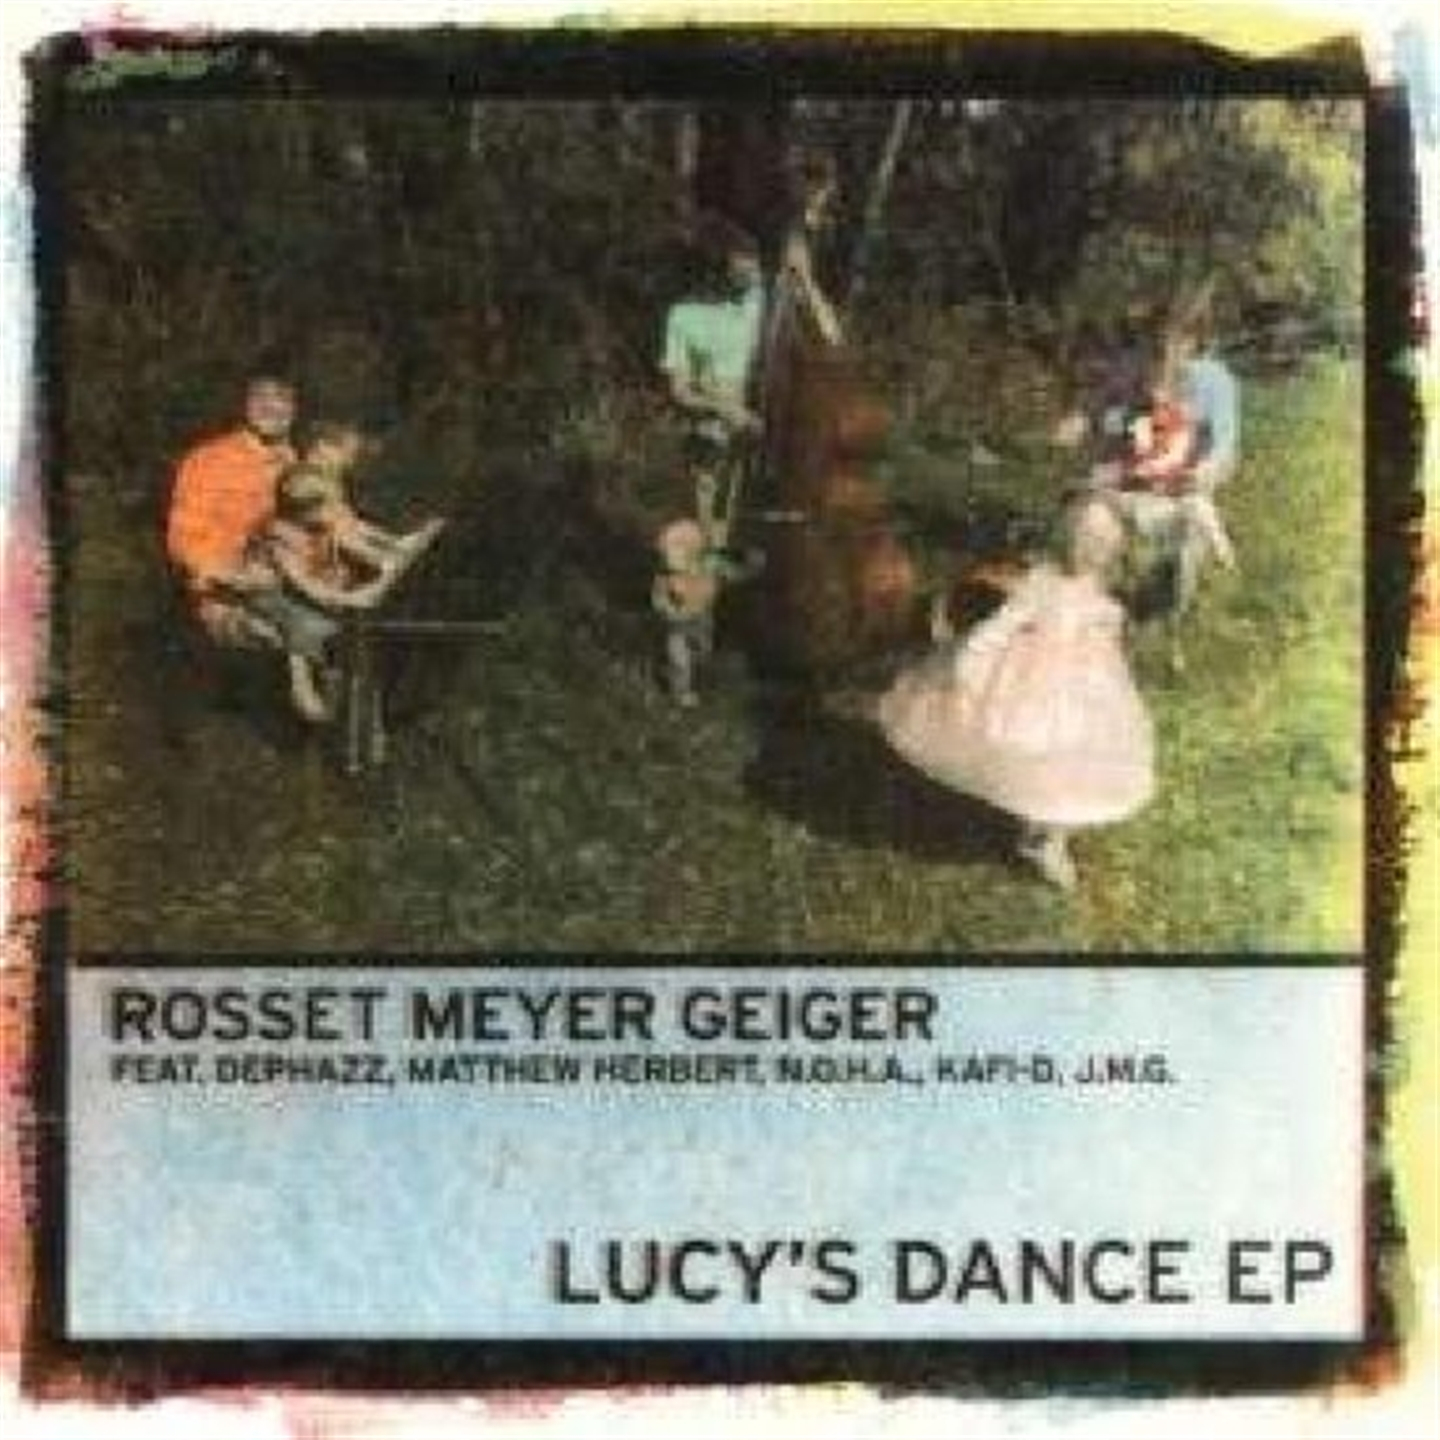 LUCY'S DANCE (EP)
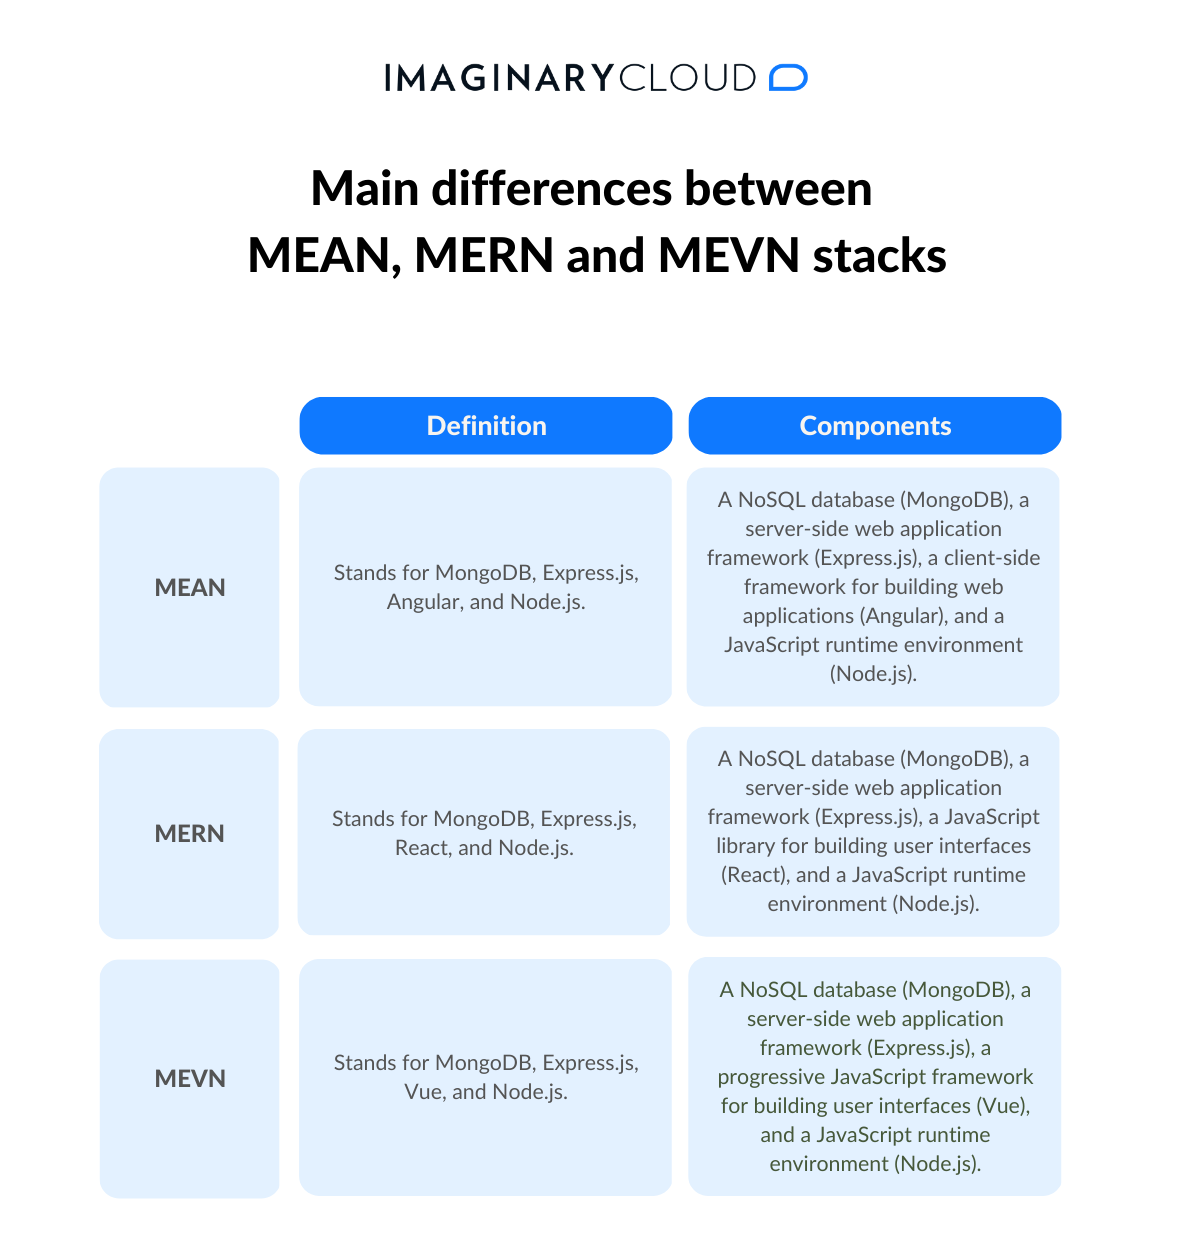 Table comparing the differences between MEAN, MERN and MEVN.
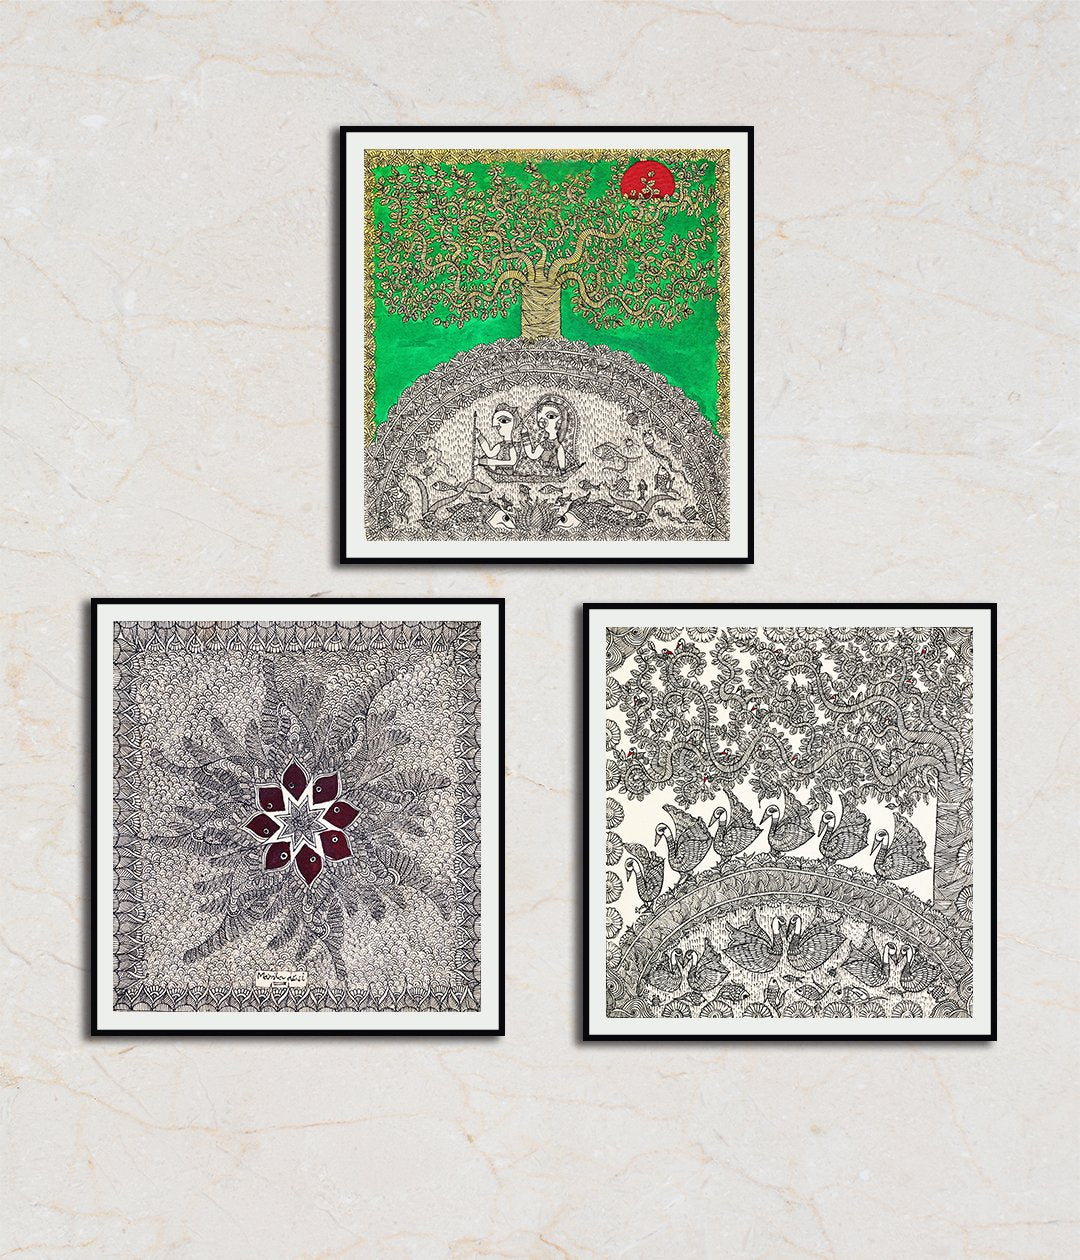 Rendezvous Set Of 3 Madhubani Art Paintings For Home Wall Decor
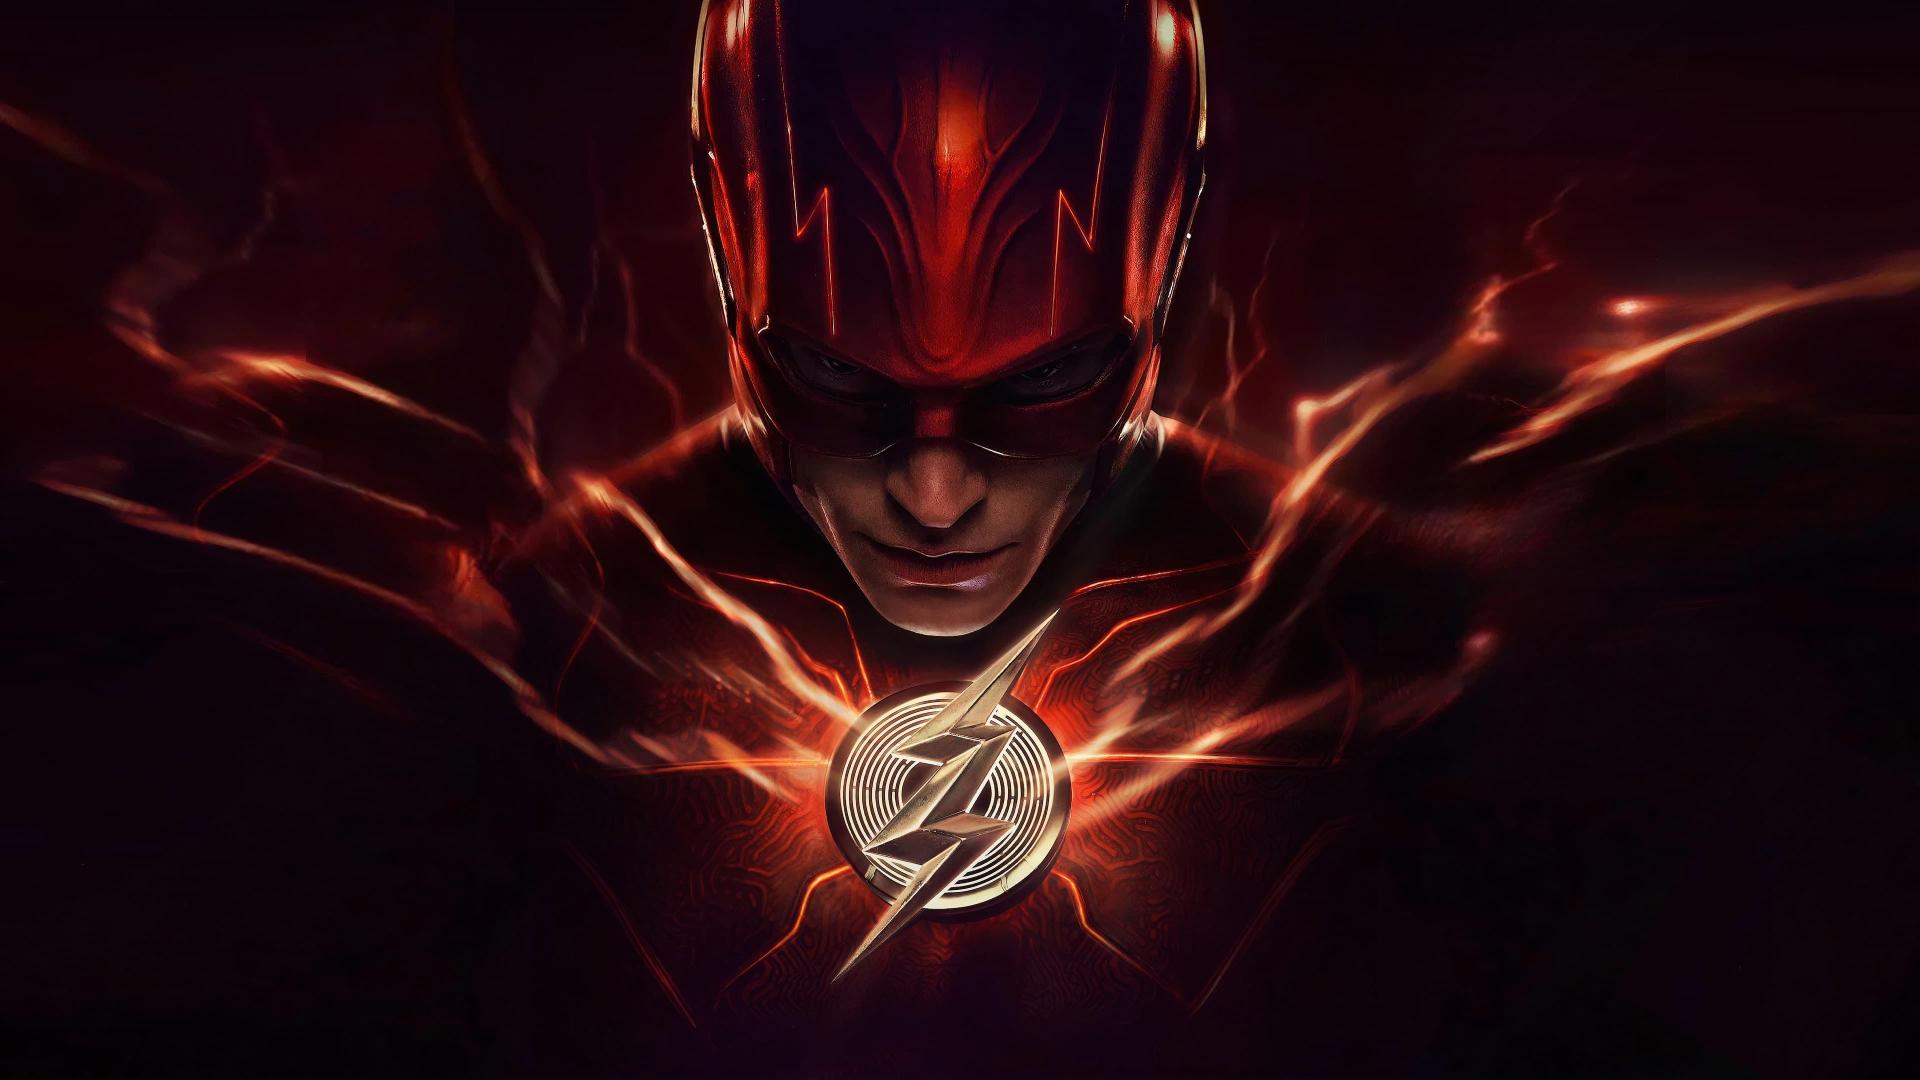 The Curious Case of Ridiculous CGI: Why The Flash Tanked at the Box Office
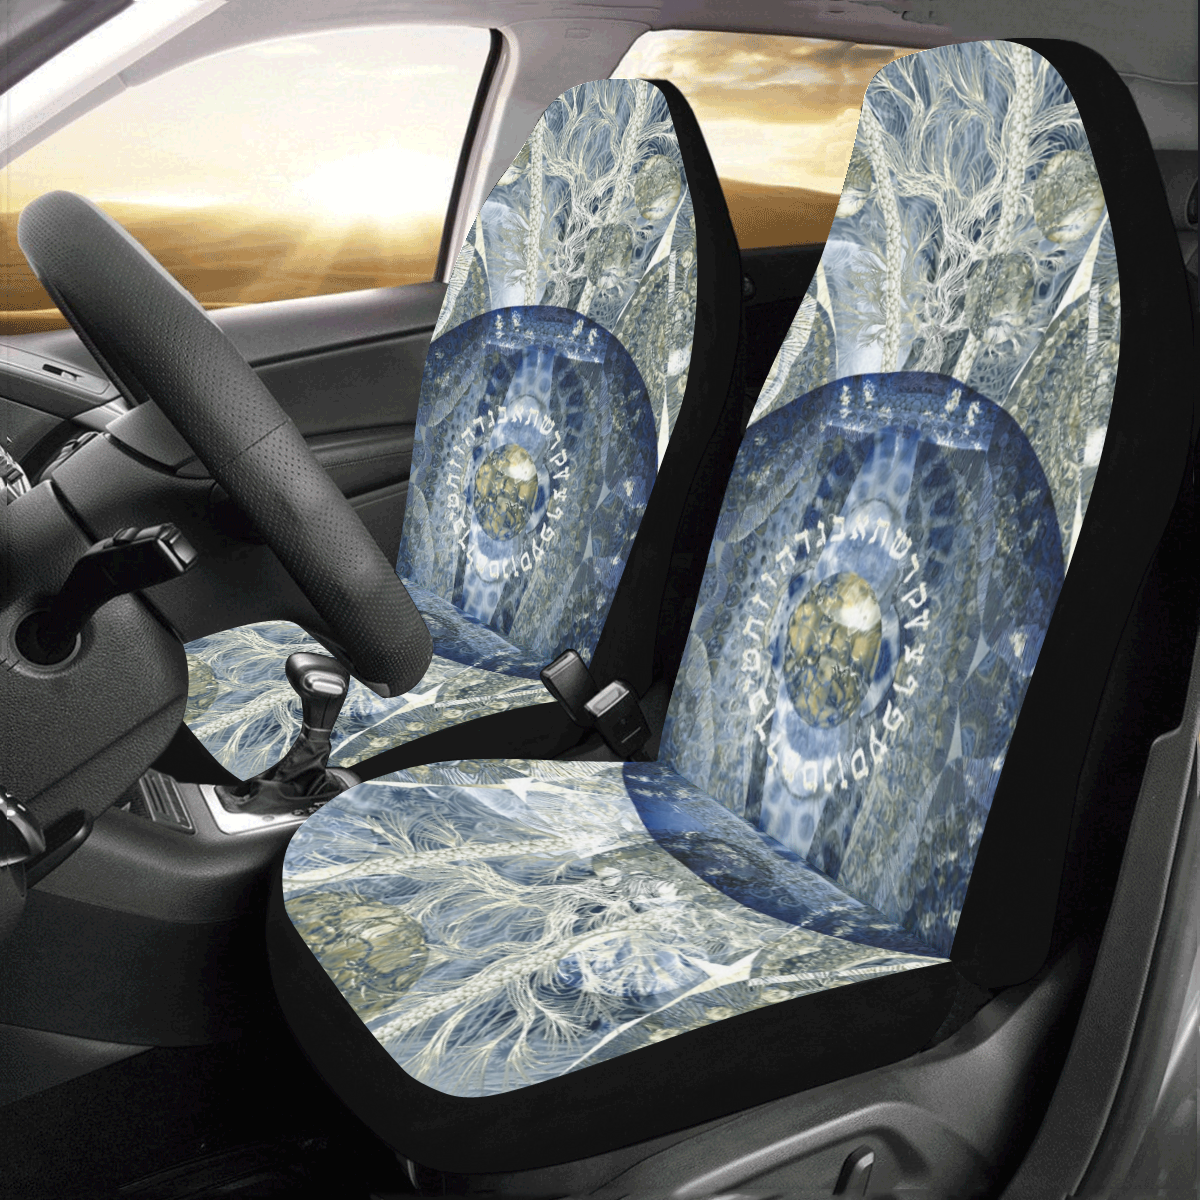 the tree of life dark blue gray gold Car Seat Covers (Set of 2)

**Task description:** Begin at the line containing "Table comparing the" and copy every line through the end of the data above exactly, omitting the pictures.

**Response below:**
 Table comparing the differences between MEAN, MERN and MEVN.
 Rendezvous Set Of 3 Madhubani Art Paintings For Home Wall Decor
 The Curious Case of Ridiculous CGI: Why The Flash Tanked at the Box Office
 the tree of life dark blue gray gold Car Seat Covers (Set of 2)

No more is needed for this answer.